For customers like Airbus Defense and Space, sovereignty isn't just a compliance issue—it's a survival imperative. Nichol Reuters, Airbus's SVP for innovation and technology, stated, "If we're locked in, we're not able to scale into the future or fulfill the customer requirements of future adaptations." This long-term perspective aligns with SUSE's vision of sovereignty as a foundation for decades of technological evolution, not just passing annual audits.

SUSE is extending its sovereignty approach beyond servers to the desktop with SUSE Linux Enterprise 16 Workstation extension.
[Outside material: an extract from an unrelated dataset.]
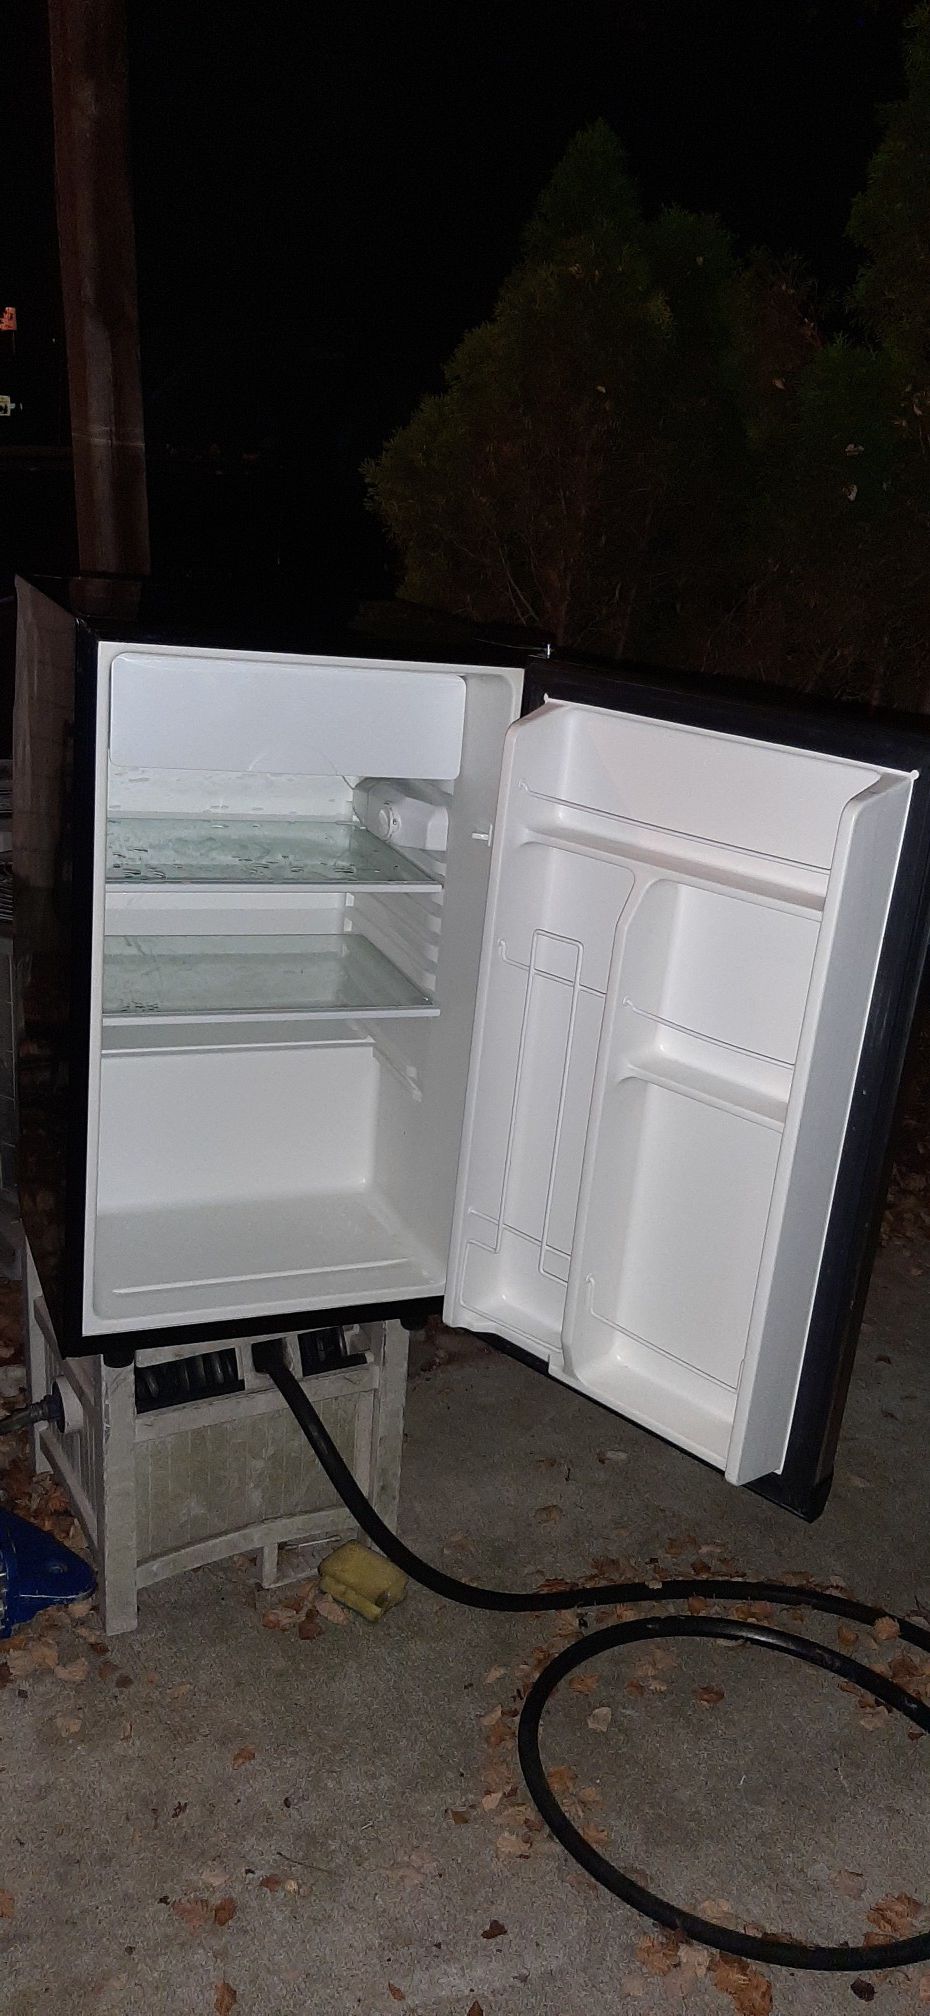 RCA RFR321-FR320/8 IGLOO Mini Refrigerator, 3.2 Cu Ft Fridge, Stainless Steel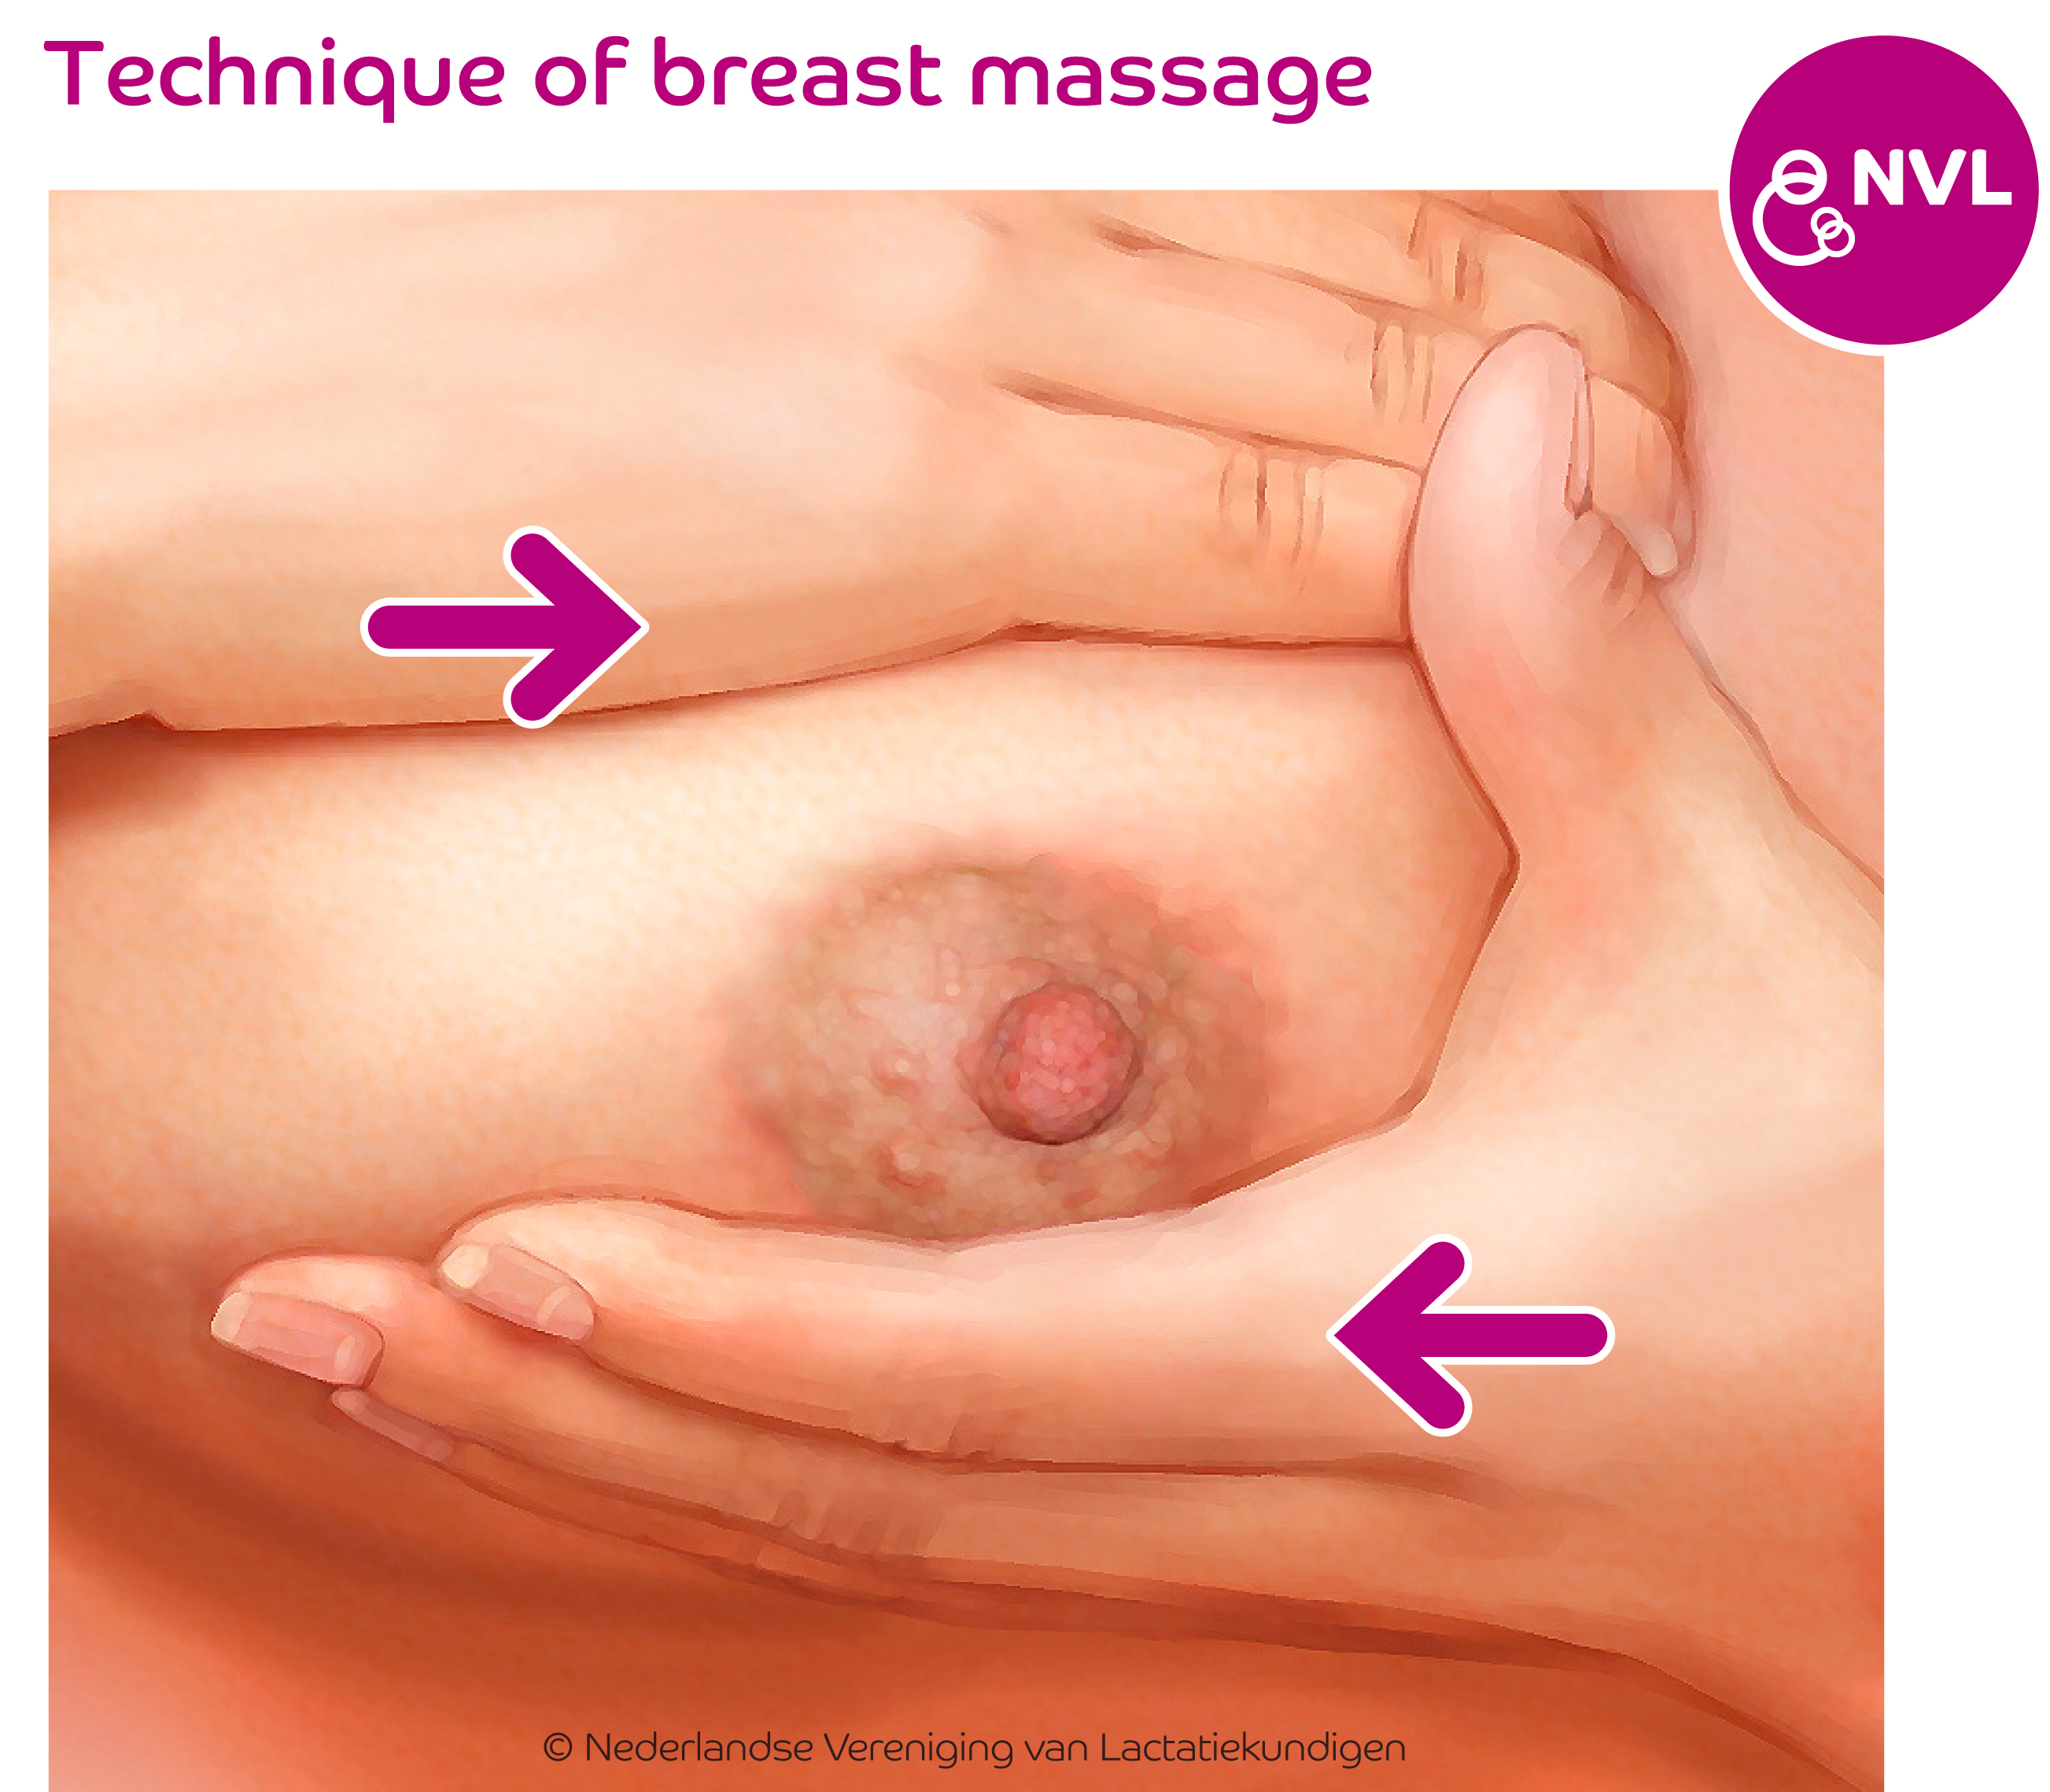 Breastmassage step 4 | NVL

Pérez Colino described this offering as "a desktop that is protecting you, that is completely open, that you can audit, that you can control, that you can customize, and that, on top of that, is built in a place where the laws are protecting you." By separating the operating system from applications and relying on upstream kernels and Flatpak for third-party software, SUSE provides a hardened, reproducible base while maintaining ecosystem compatibility.

The Future of Sovereign IT

SUSE's comprehensive strategy—combining reproducible builds, multi-Linux support, EU-centric premium support, partner specializations, and sovereign AI frameworks—positions the company as more than just talking about sovereignty; it's operationalizing it. The approach isn't a single product but a combination of products, partnerships, and services designed to keep organizations safe during uncertain times.

If SUSE can demonstrate that its approach genuinely increases exit velocity and pivot ability—enabling customers to change course quickly without losing control of their data, models, and infrastructure while increasing resilience—it will have carved out a defensible niche as the open-source backbone for sovereign IT, particularly in Europe's public sector and regulated industries. As the company moves forward with its digital sovereignty strategy, it's not just addressing current concerns but building a foundation for technological independence in an increasingly complex global landscape.